→ **DATA SECTION**:
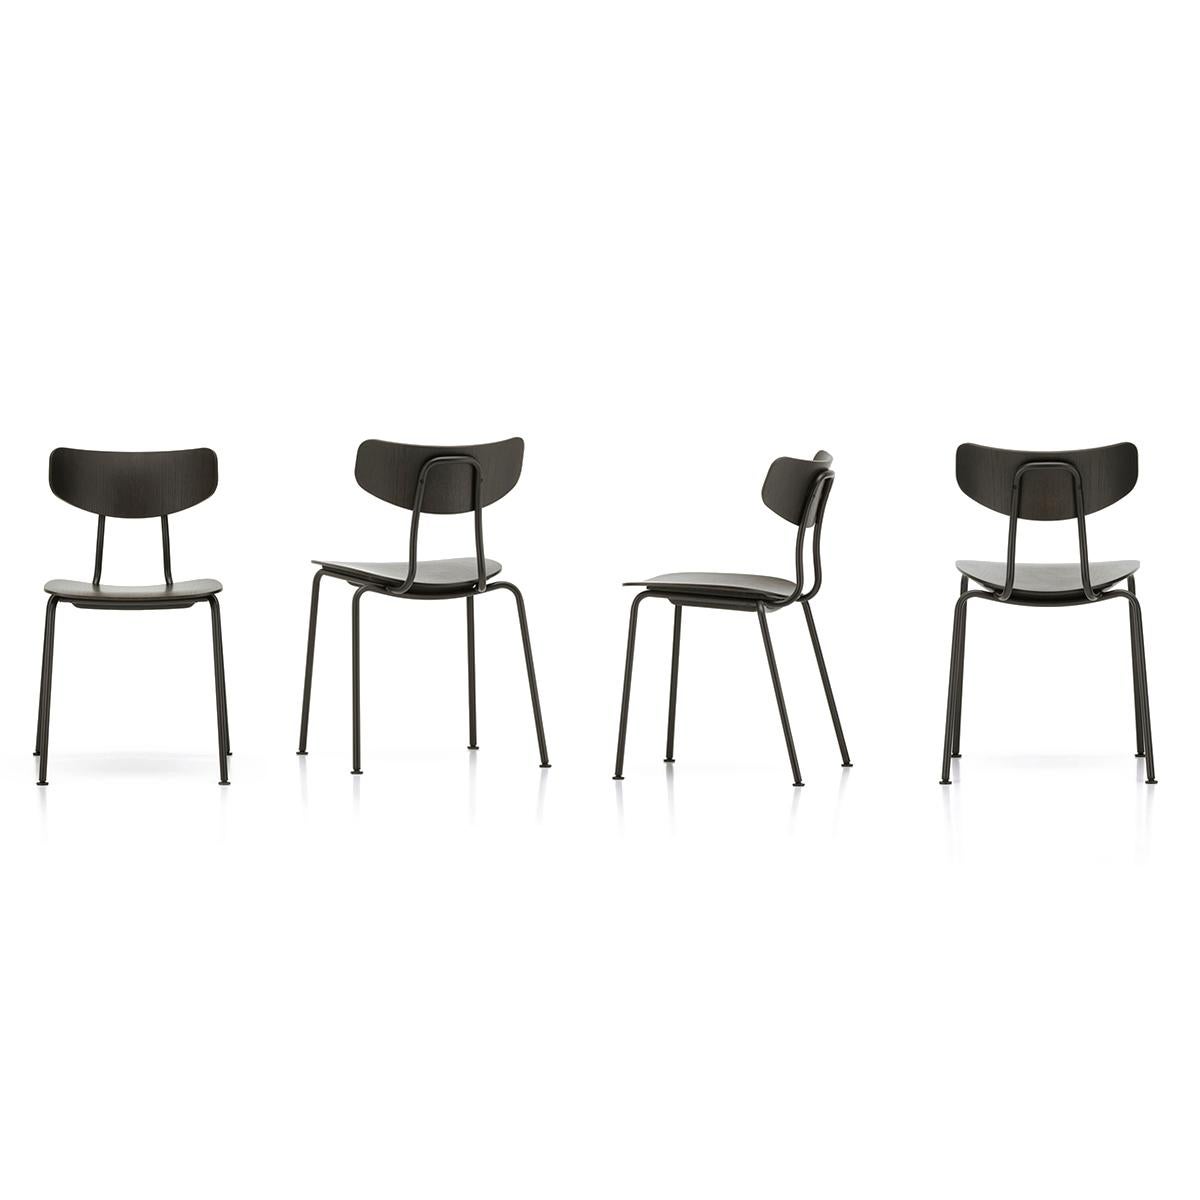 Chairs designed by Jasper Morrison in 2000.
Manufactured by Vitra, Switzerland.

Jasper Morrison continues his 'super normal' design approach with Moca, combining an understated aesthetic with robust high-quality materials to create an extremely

→ **WORK TO COMPLETE**: In your reply, every line of the material should appear exactly as written, and no picture should.

→ **OUTPUT OF THE TASK**:
 Chairs designed by Jasper Morrison in 2000.
Manufactured by Vitra, Switzerland.

Jasper Morrison continues his 'super normal' design approach with Moca, combining an understated aesthetic with robust high-quality materials to create an extremely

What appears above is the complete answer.